As coisas boas que ficaram

Abri um daqueles aplicativos que servem só para a gente lembrar do que não deve, como sempre fazia, todos os dias. Até então, tudo em ordem. Já fazia um tempo que não mantínhamos contato, entre um ou outro comentário sobre o que compartilhávamos. Maturidade – pensava eu. A vida é assim mesmo, ela segue e nós também.  Sem rancor, sem mágoa, sem necessidade de ofender ou excluir uma pessoa de vez da vida. Mas não naquele dia. Aquele dia havia um nome diferente marcado. Tudo bem, é uma amiga – pensei. Nada demais. E mesmo que tivesse: tudo bem. Maturidade. Maturidade. Maturidade. Repeti várias vezes para ver se entrava no cérebro. Vida que segue.

Mais alguns dias passaram, acordei vendo algo tão a sua cara. Ri sozinha, pois imaginei você dizendo exatamente as mesmas coisas. Um pouco rebelde, como se soubesse de tudo da vida e não precisasse de mais ninguém. Na noite anterior, havia lembrado coisas que passamos e o quanto tinha sido legal. As pessoas chegam, nos ensinam coisas e se vão. É o ciclo. Ainda assim, resolvi te marcar na postagem, afinal de contas, nada demais. Maturidade. Só algo para lembrar que mesmo sem contato, as coisas boas ficaram. As risadas sobre o modo como te conheço.

Poucos minutos depois, abri novamente aquele aplicativo, o histórico onde nos mantém informados sobre como anda a vida das pessoas. Ergui as sobrancelhas como alguém que encontra o que não esperava. E pelo leve rebuliço que senti no estômago, provavelmente algo que minha mente preferia não ter visto. Era a sua inicial com a de outra pessoa… e um coração. Paralisei por dois segundos. Fui tentada a abrir novamente, mas me recusei. Bloqueei a tela do celular e fui à minha rotina matinal, como se nada tivesse acontecido. Escovei os dentes, lavei o rosto, tirei o pijama, como todos os outros dias. Mas entre uma dobra e outra da coberta, enquanto arrumava a cama, me vi conversando comigo mesma em mente. Dizia ou ouvia uma voz muito distante falando que já havíamos tido essa conversa antes. Vida que segue. E eu segui.
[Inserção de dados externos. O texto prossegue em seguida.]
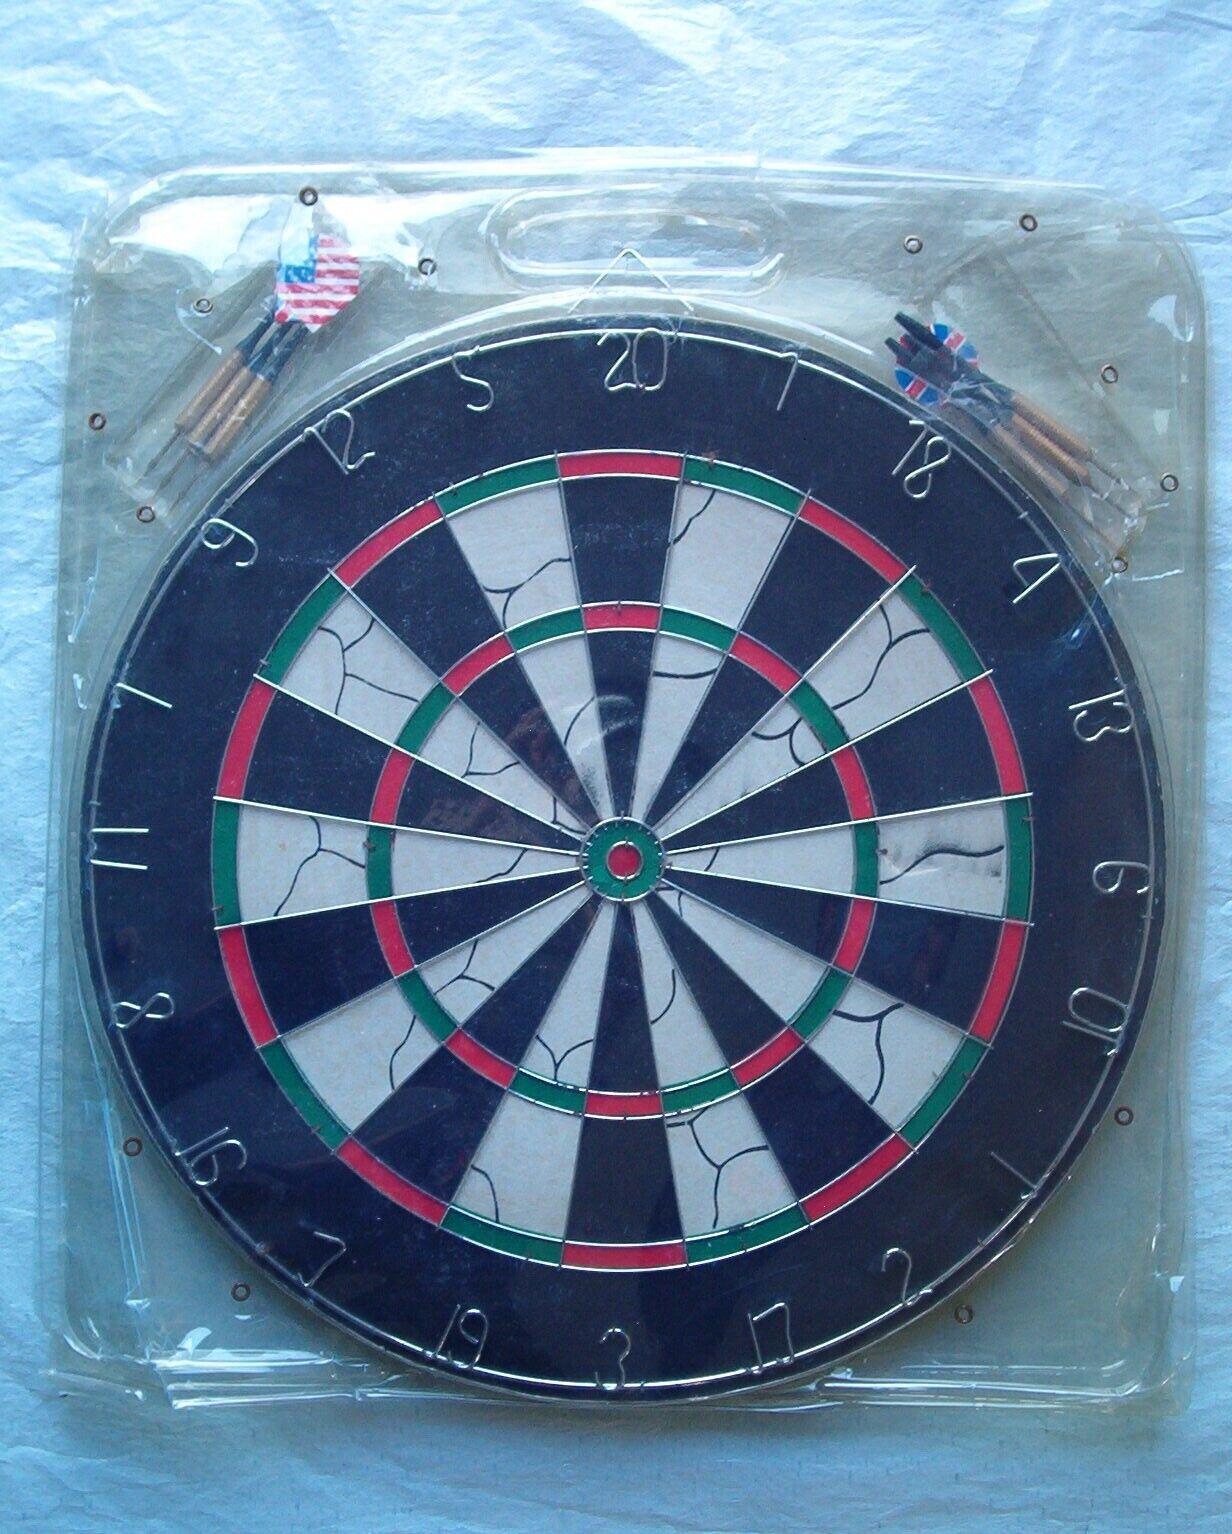 game room dart set with 6 steel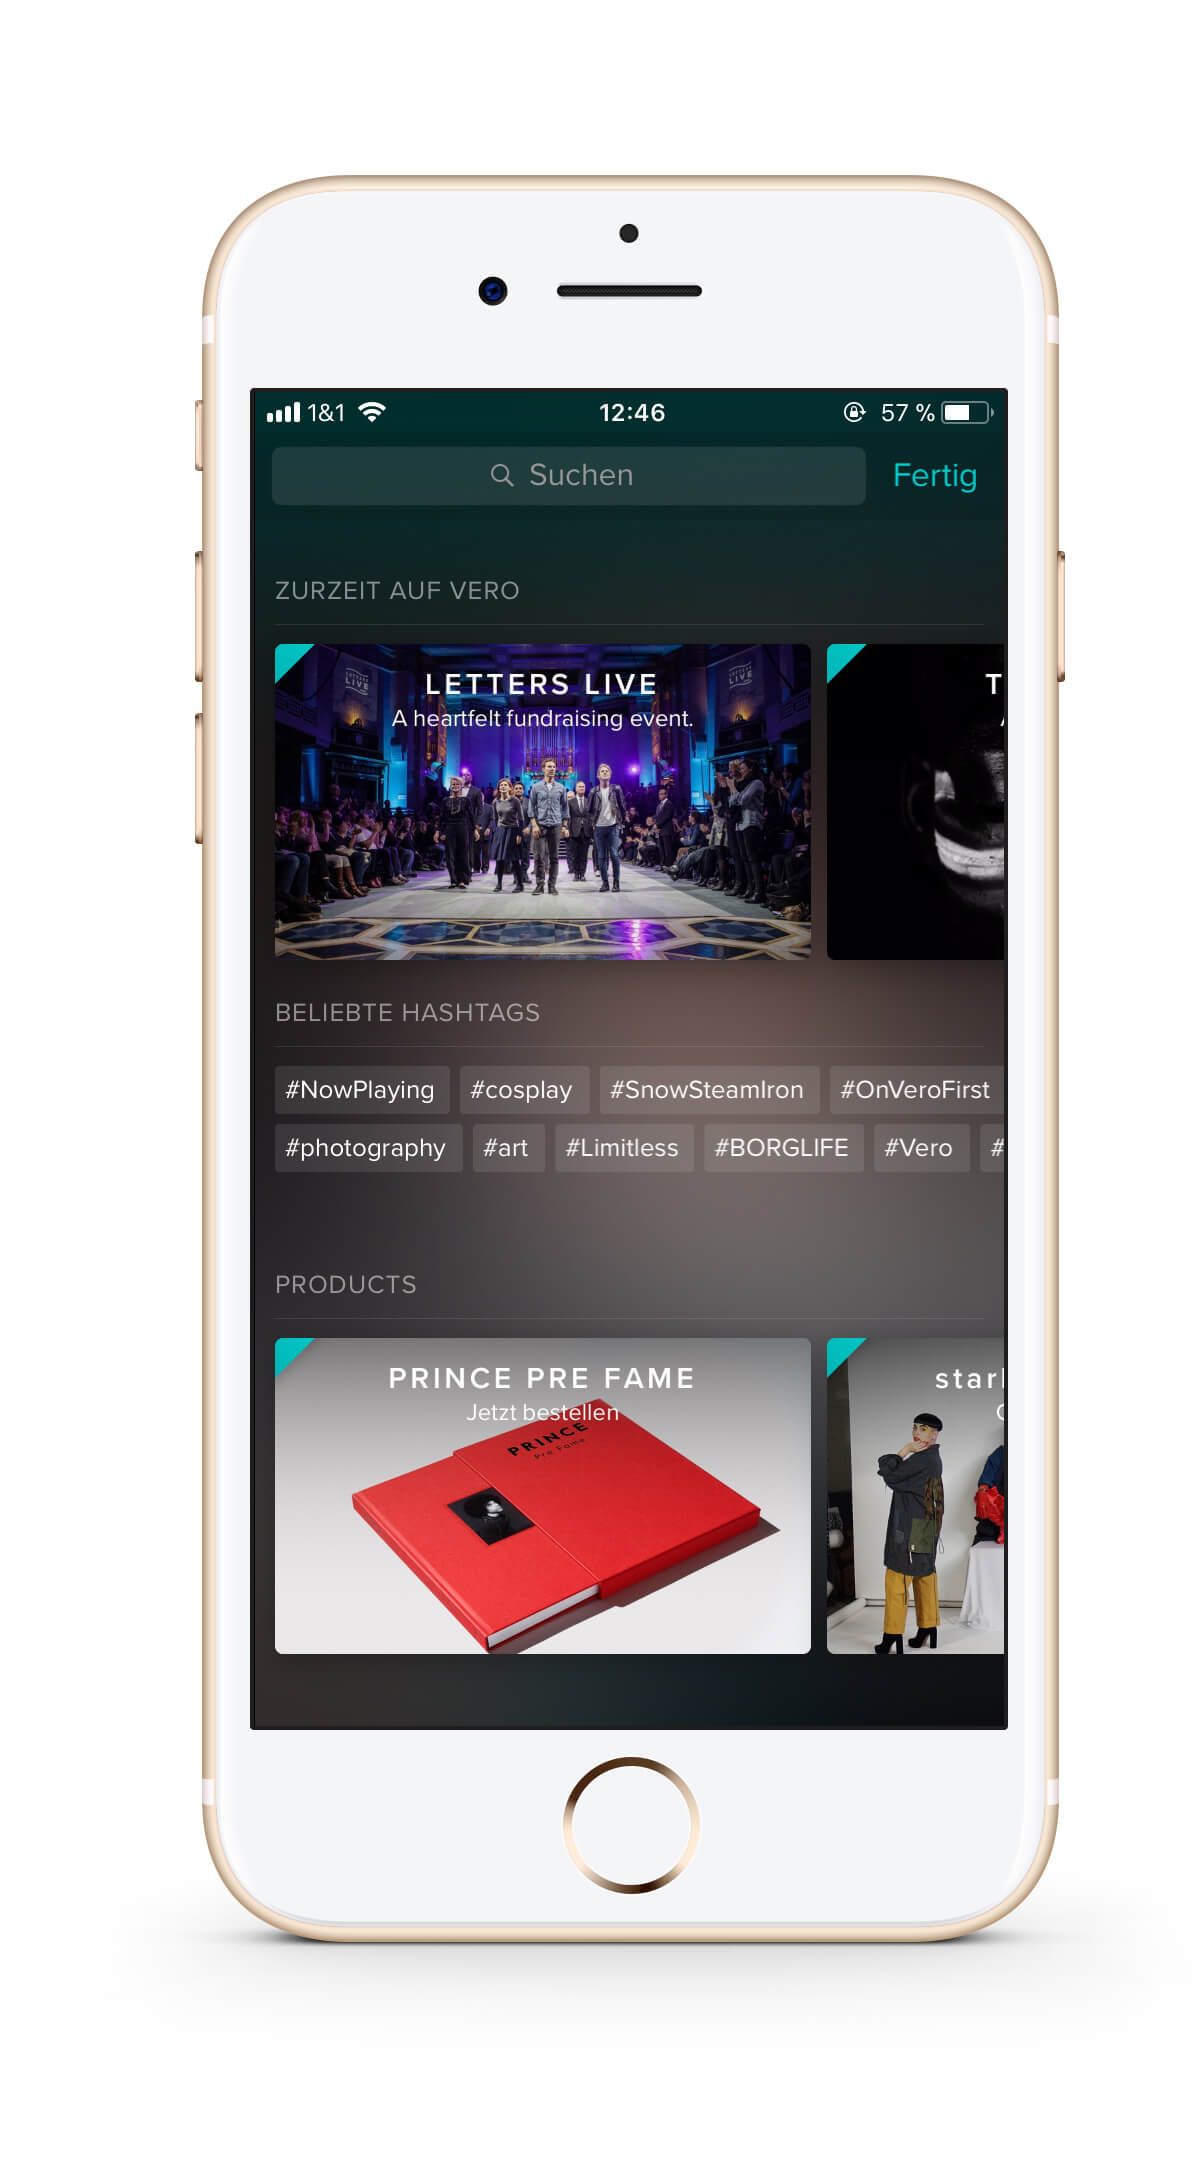 Instagram bekommt Konkurrenz - alles über die neue App VERO ...

Atrasada como sempre, eu fui para a faculdade. Conversei com as pessoas como se não houvesse algo bem no fundinho me cutucando, como se eu precisasse rever o porquê aquilo ainda mexia comigo. “Por quê?”, perguntava. “Já não faz mais sentido, não entendo”. E entre uma discussão e outra na sala de aula, me vi com o celular na mão, com toda a minha habilidade em stalkear pessoas. Já sabia da onde era, onde mora, seus infinitos comentários na rede social e que era tão bonita quanto você merecia. Exatamente da forma que gostava. O leve embrulho no estômago não aumentou, mas também não parou.